Снегири на снегу — страница 49 из 56

– Да я все, как на духу, в подробностях, по полочкам, – обиделся Сергей.

– Да-альше!

– Есть! Так вот… Оказывается, это Санька к танку идет, несет что-то в руке, а когда ближе подошел, вижу, а это у него ведро с бензином…

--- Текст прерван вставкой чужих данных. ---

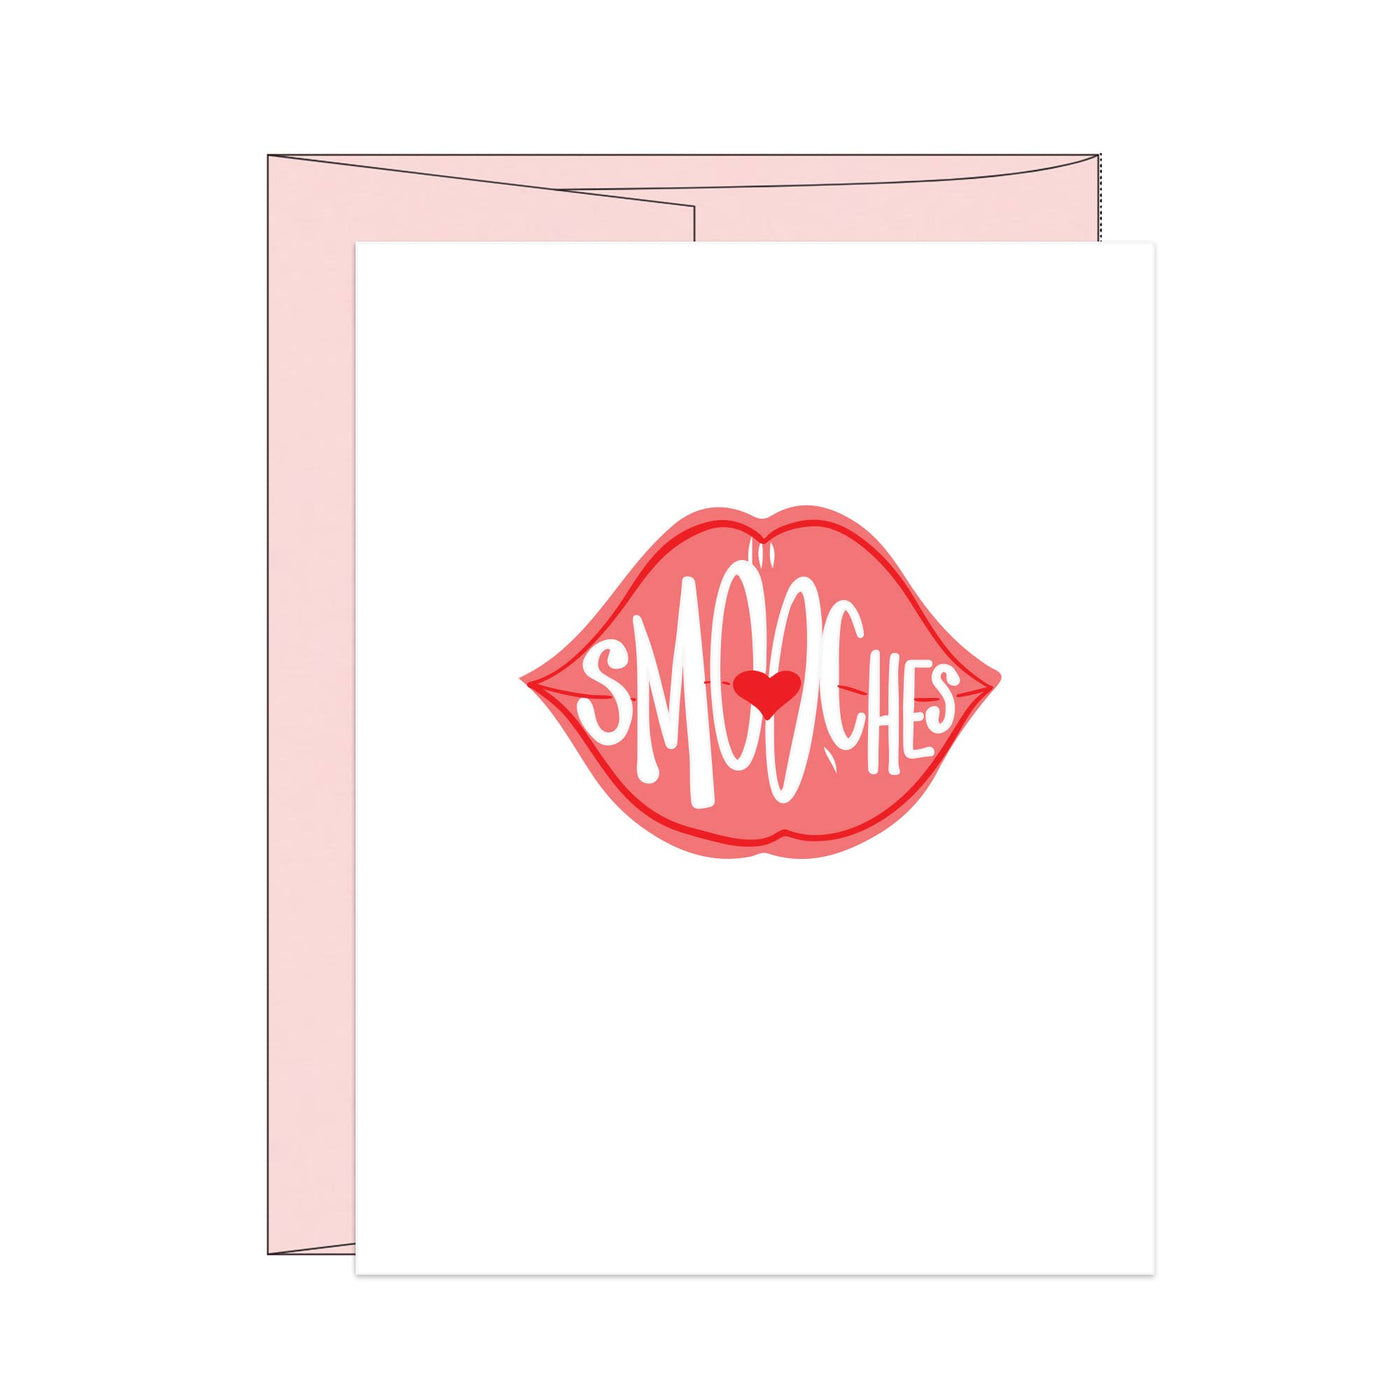 Smooches Letterpress Valentines Day Card
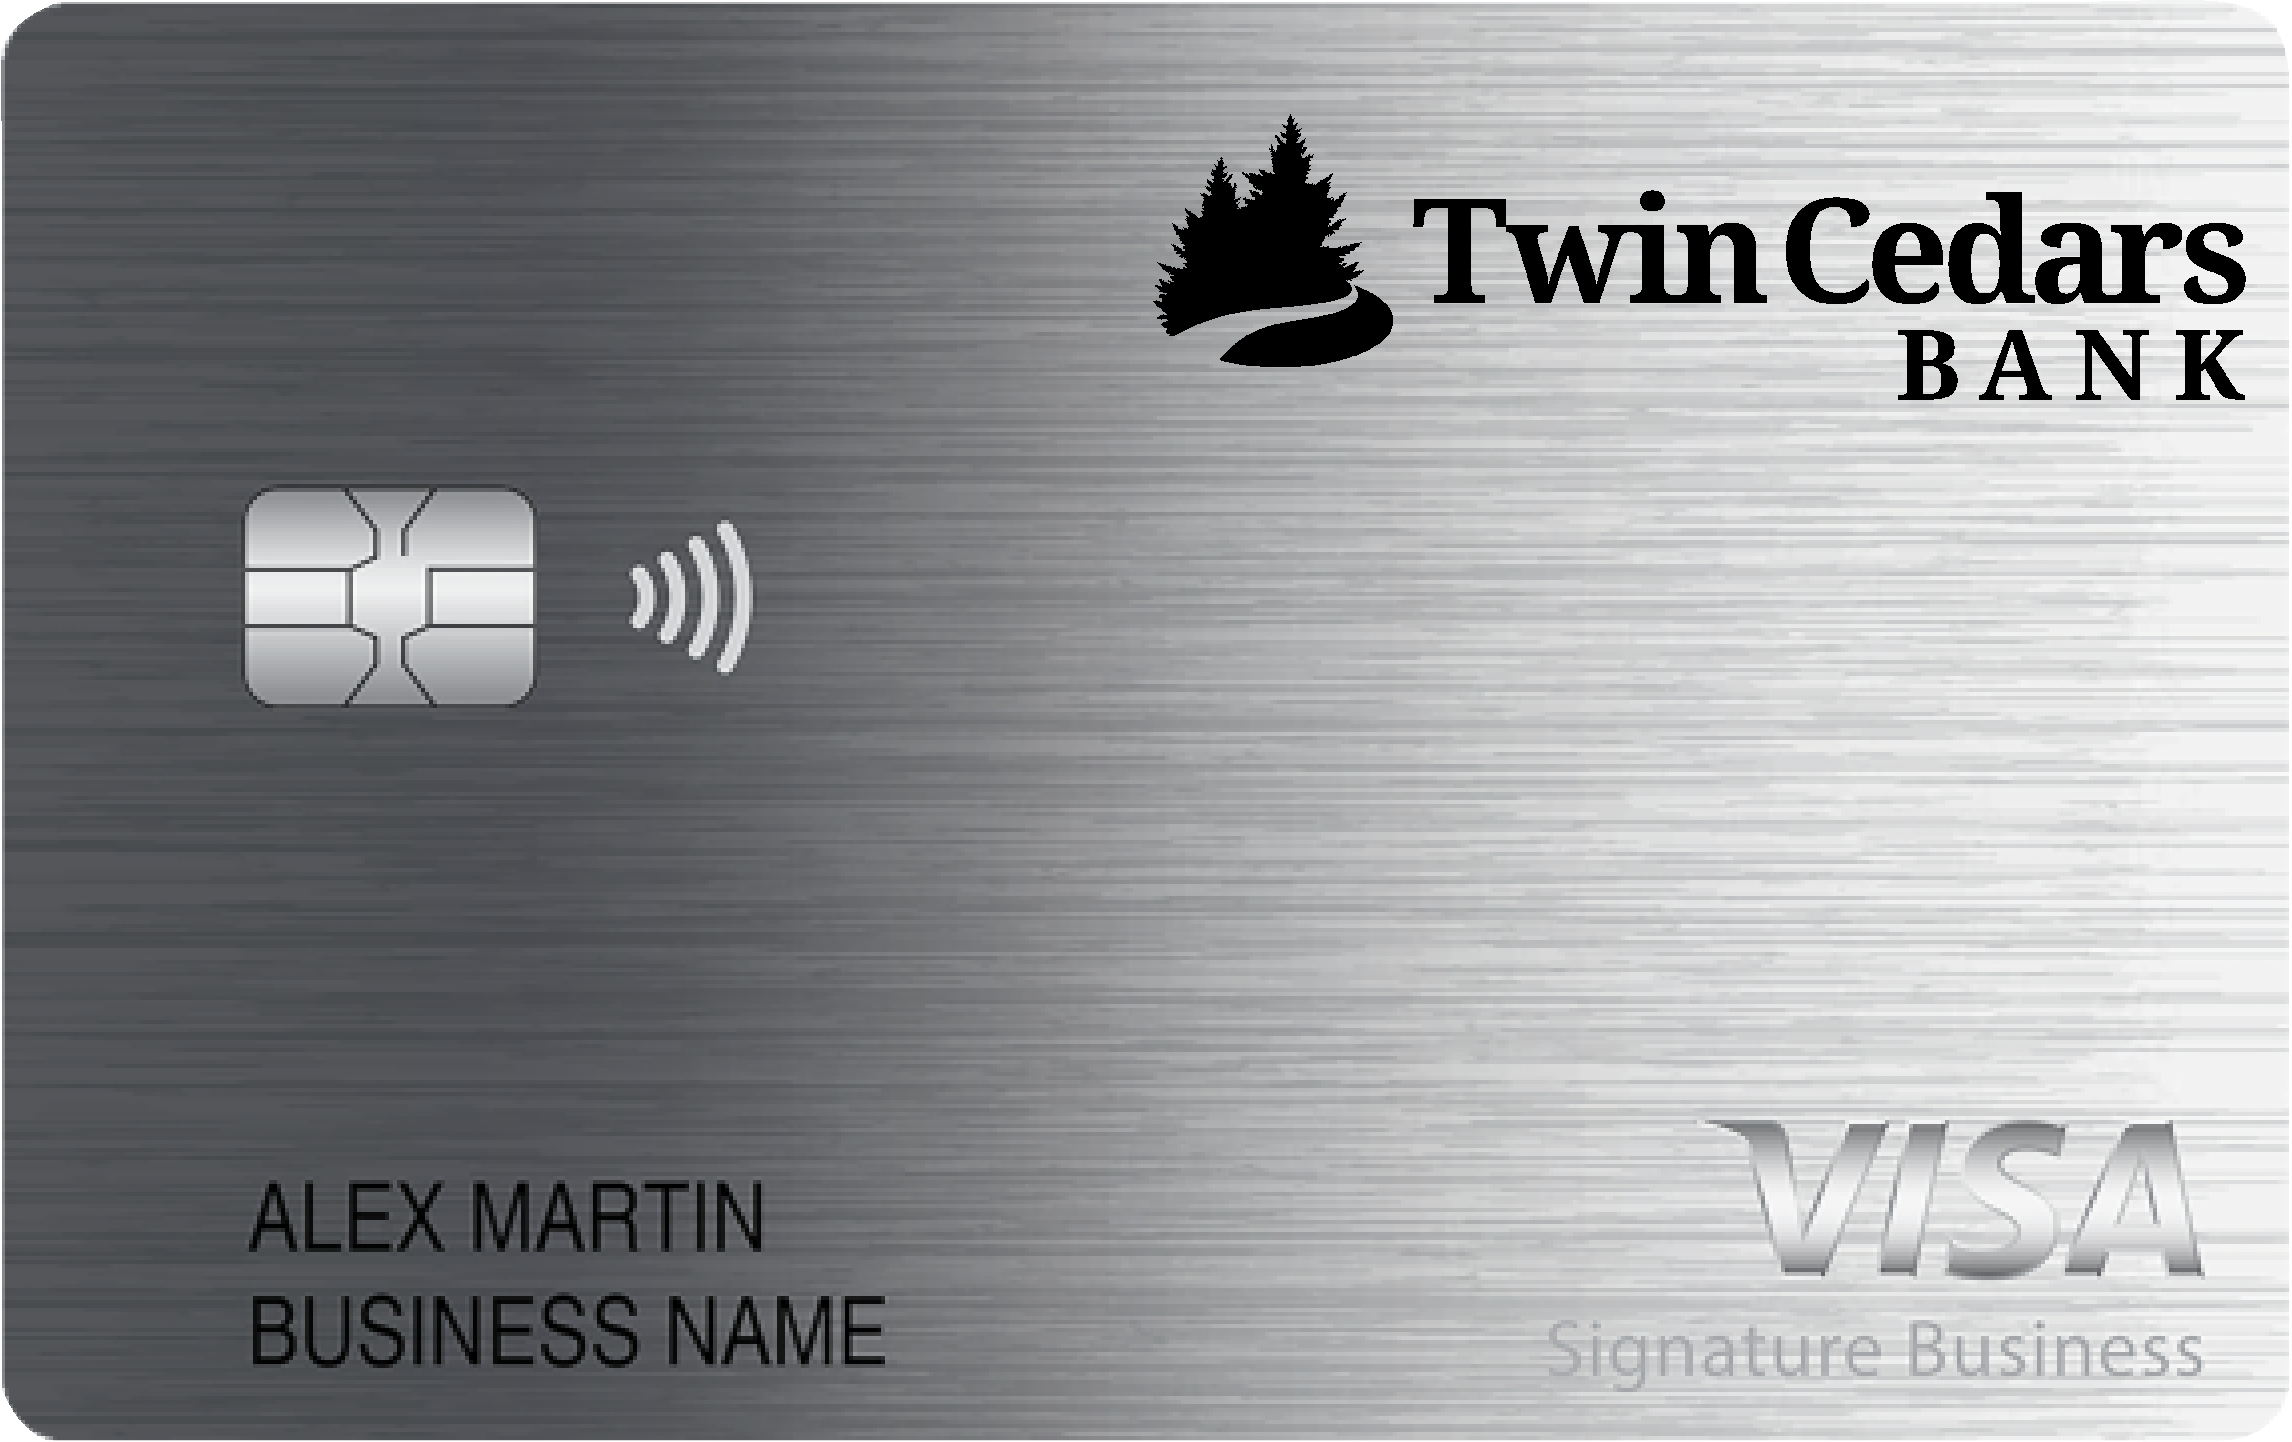 Twin Cedars Bank Smart Business Rewards Card

– Не спалось мне. Поворочался немного, а как светать стало, пошел посмотреть, где же я с дороги съехал. По следу нашему обратно пошел. Оказалось, что не так уж далеко мы от дороги ушли. А там, как раз «бэтэшка» стоит, поломка у них. Помог немного да бензинчиком разжился, – Александр довольно улыбнулся. – Бензин принес, но решили в бак его не заливать. Бак-то почти пустой, горючка в карбюратор поступает плохо, да и он зачудил. Решили напрямую заливать бензин в поплавковую камеру. Питательную трубку от карбюратора отсоединили, загнули ее вверх и – в ведро. Так и поехали. Я на крыле на коленках стою и регулирую пальцем подачу бензина из ведра в камеру, а Серега потихоньку танк развернул и обратно по нашему следу. Ведра хватило на дорогу выехать, там мы его хозяевам вернули, а сами заправку стали ждать. Она вскоре подошла, а потом и зампотех подъехал, муфты сцепления подрегулировали…

– Да, братцы, – покачал головой старшина Шпицер. – Приключений у вас, как у сорока разбойников.

– Да уж, славно поблукали, – согласился Сергей. – Но видал я такие приключения! – Он вскочил с земли, смачно зевнул, потянулся до хруста. – Э-э-эх! Сейчас бы похавать горяченького да вздремнуть минуточек по триста на каждый глаз!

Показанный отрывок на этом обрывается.